Our study had several limitations. First, the hospitals treating our cohort of patients were mainly tertiary hospitals, such that our study population may not have accurately represented the general COPD population. Second, we have no explanation for the remarkable improvement in FEV1 that occurred in our female patients during the second year of follow-up but this may have affected the analysis of the annual FEV1 change. Third, only 8.1% of the COPD population recruited for this study was female. The use of propensity score matching in further analyses will avoid this large difference. Finally, our study had a cross-sectional design, so more longitudinal research will be needed to explore important parameters including symptom scores and exacerbation.

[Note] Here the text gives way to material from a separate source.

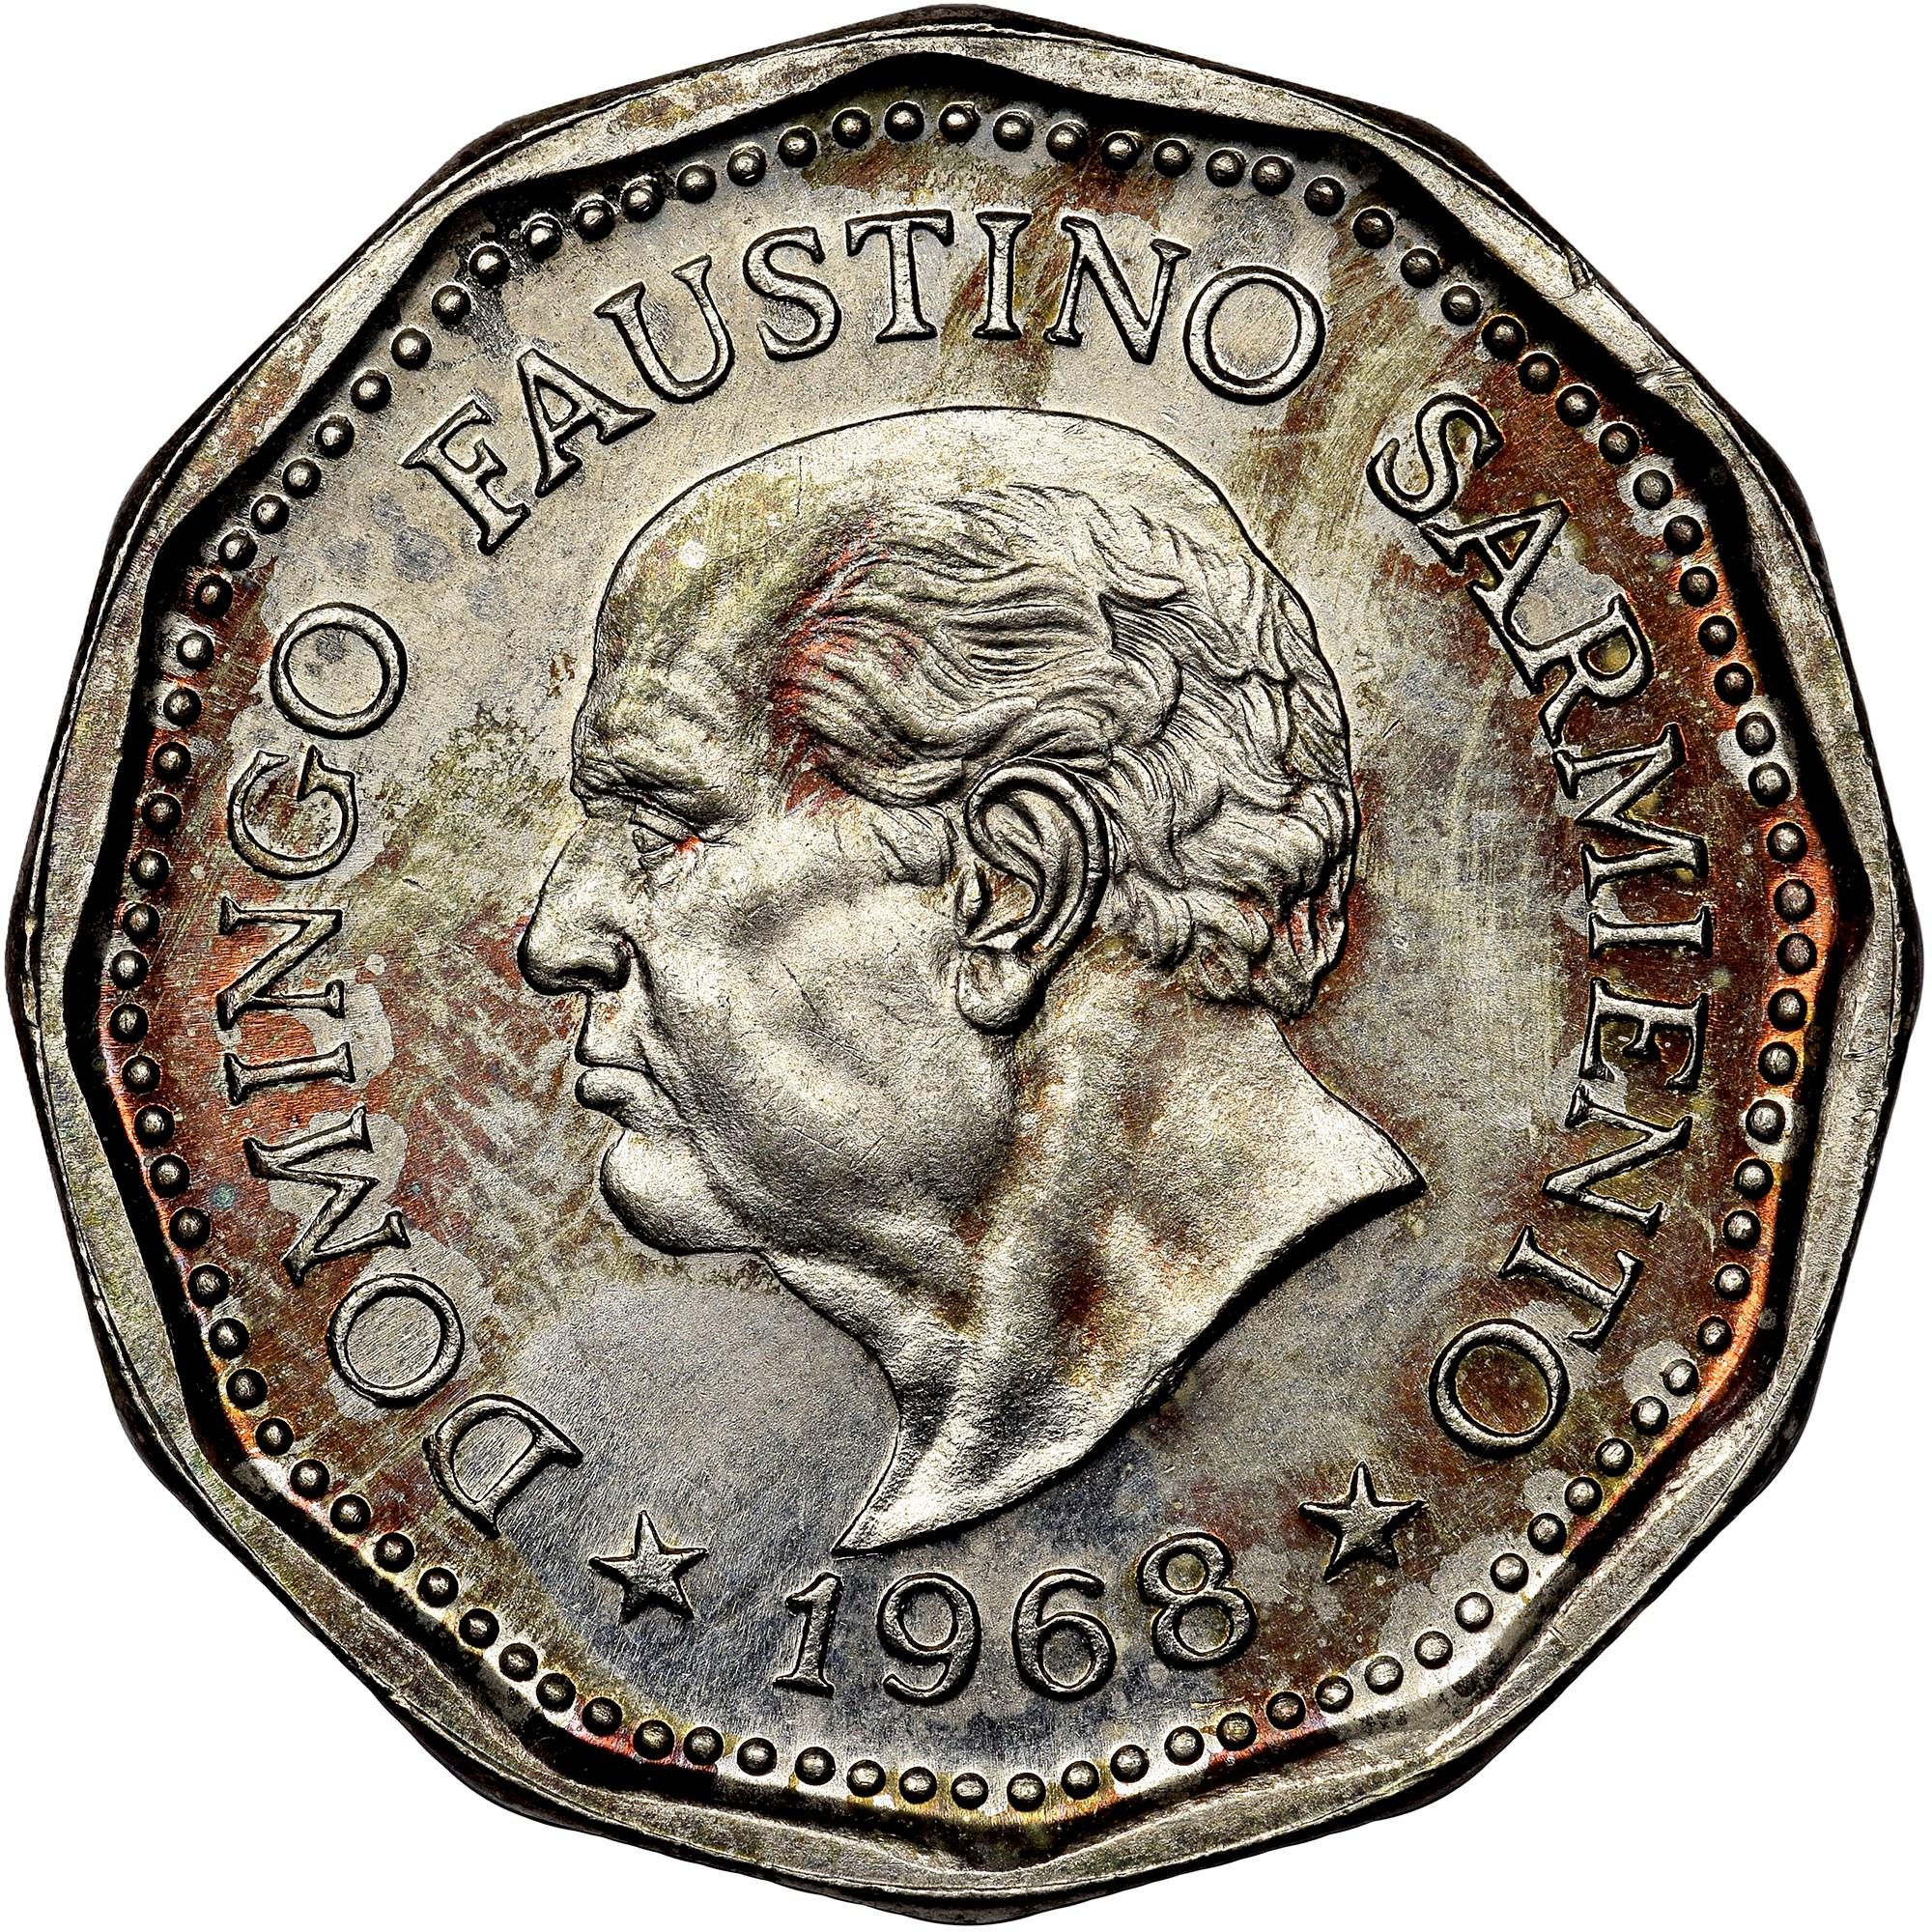 Argentina 25 Pesos reverse
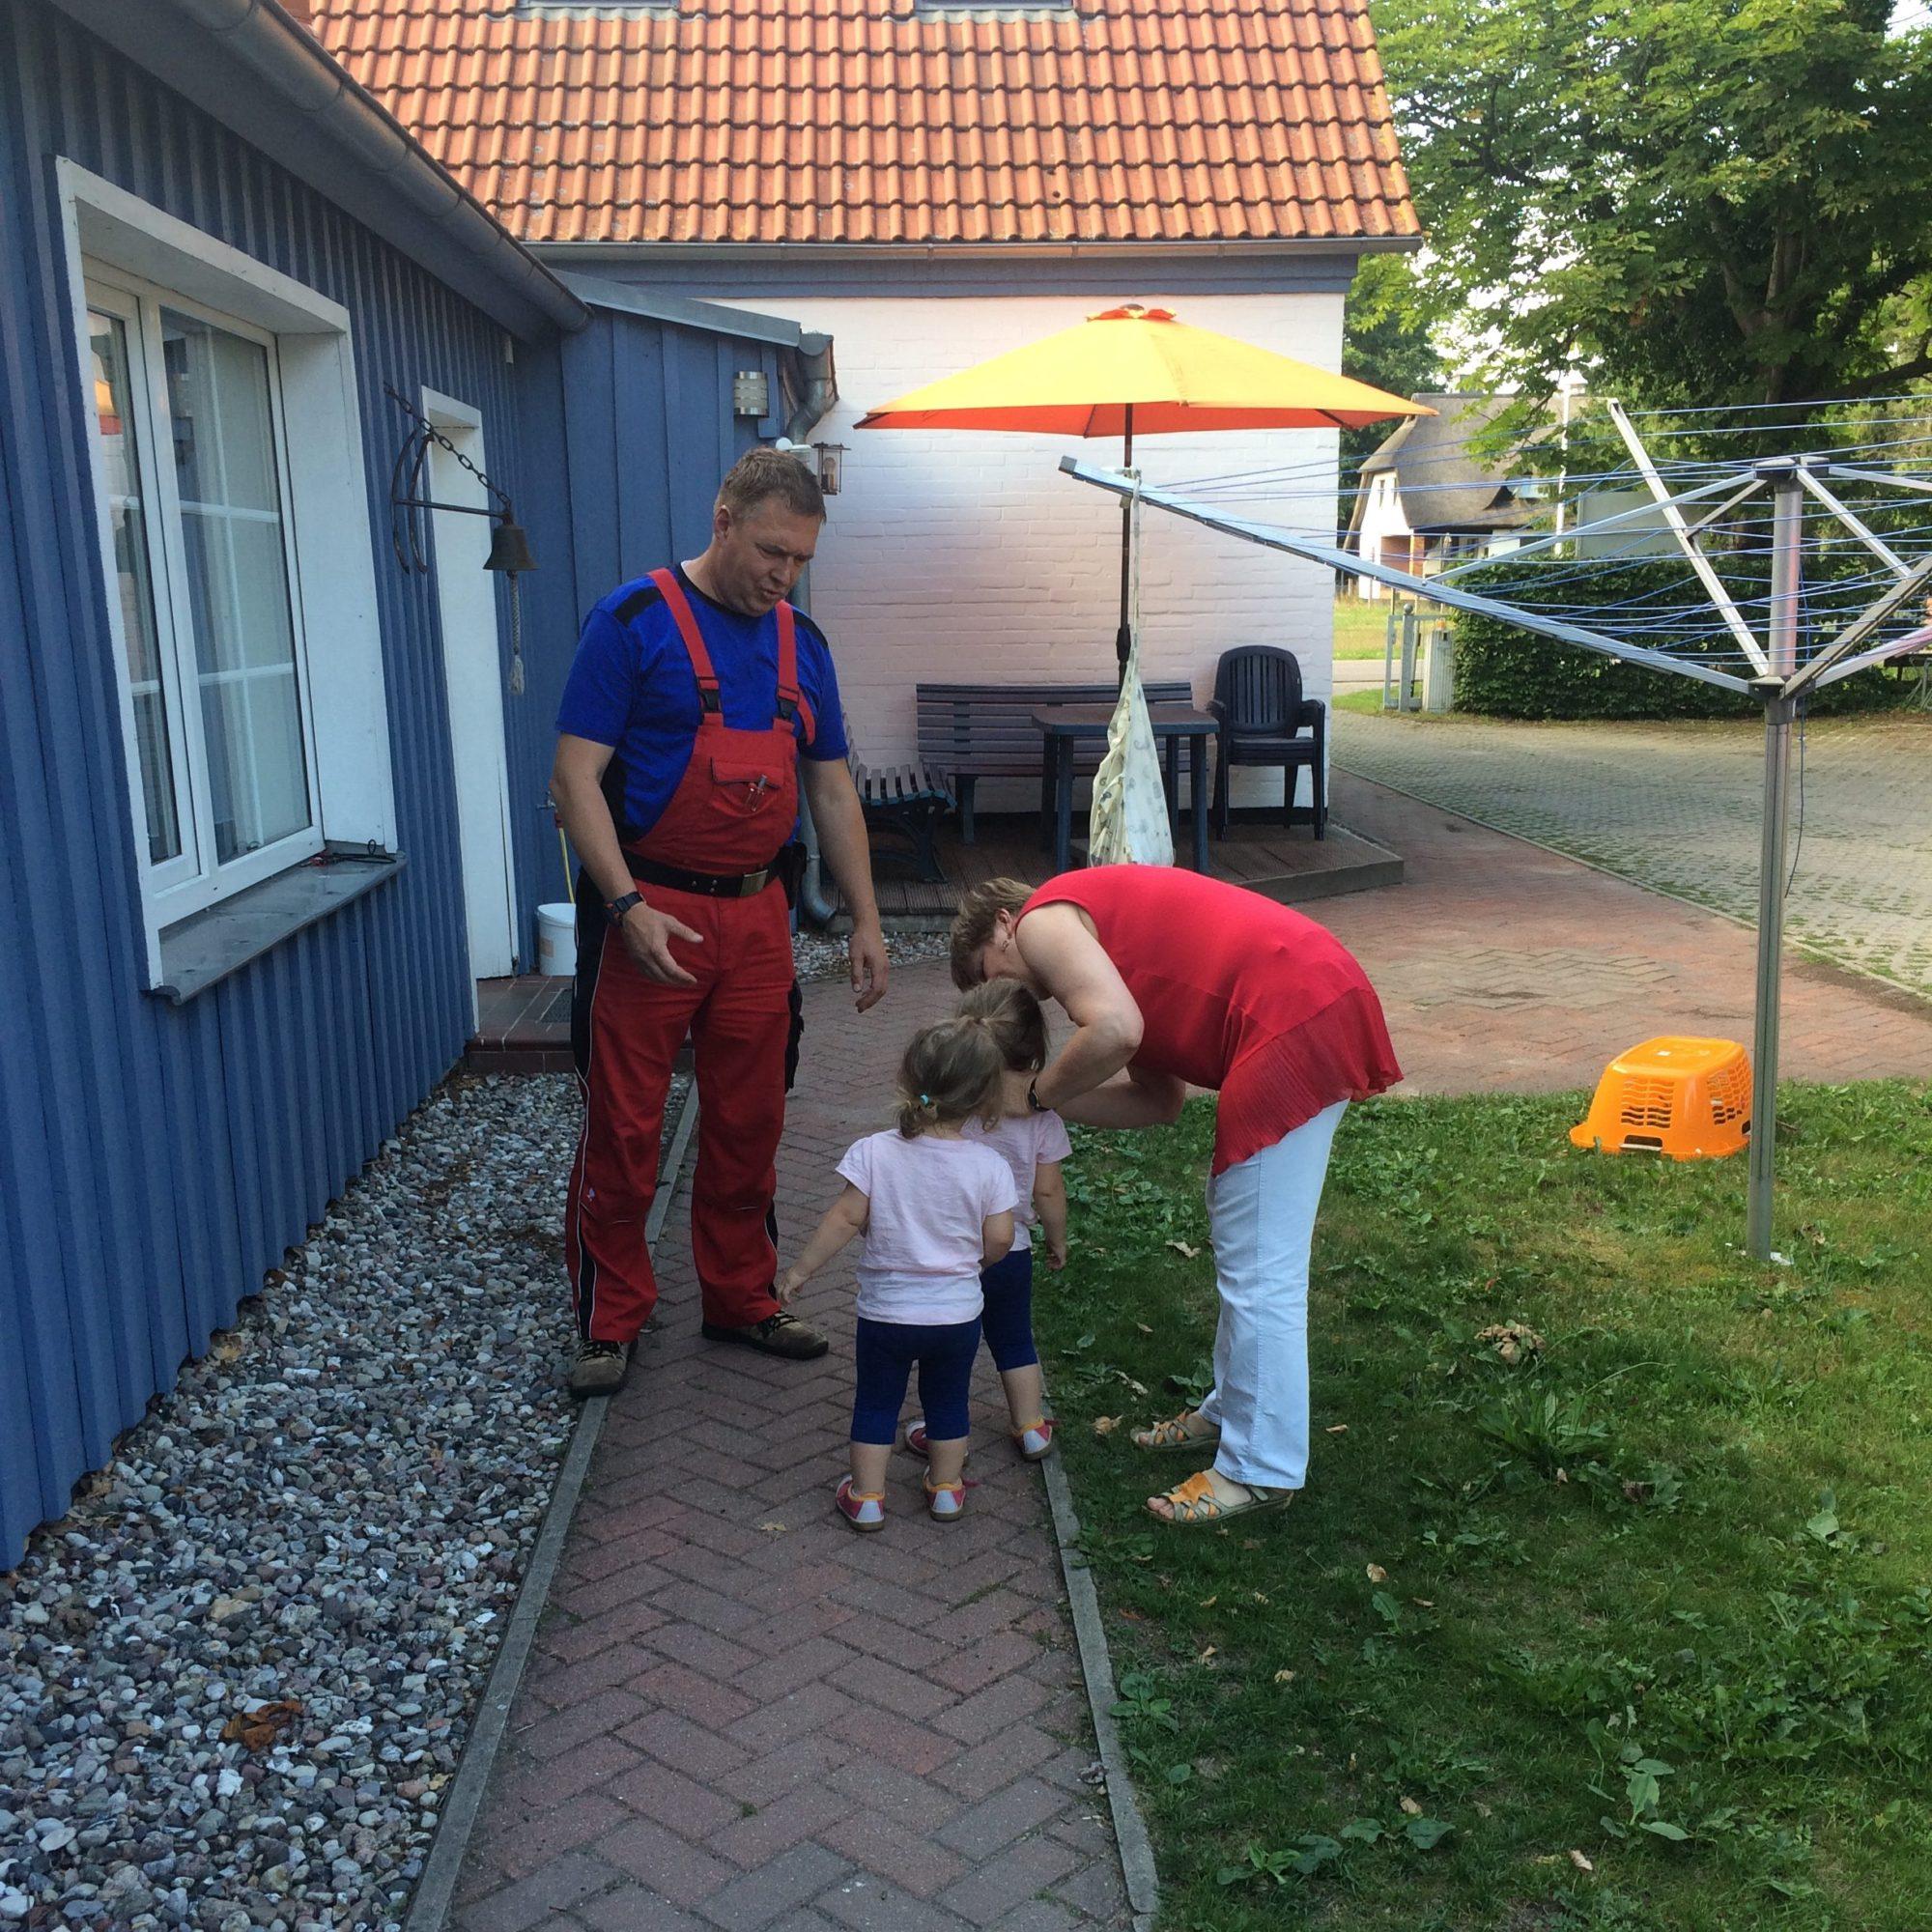 Onkel Thomas und Tante Anke

In conclusion, we analyzed the sex-based differences in the clinical parameters of COPD patients. The results revealed that fewer female patients were smokers but exposure to passive smoking and biomass was higher in females than in males. Female patients had more COPD symptoms and a poorer functional exercise capacity, which may be explained by the result that female COPD patients were more likely to be asthmatic and were more depressed than males with COPD. The exacerbation rates did not significantly differ from those of male patients but revealed less annual FEV1 loss in females than in males. Gender difference of Korean female COPD showed similar to that of developing countries. Clinicians should be aware of typical characteristics of female COPD such as depression, and keep in mind that female without smoking history may also develop COPD.
The authors have no conflicts of interest.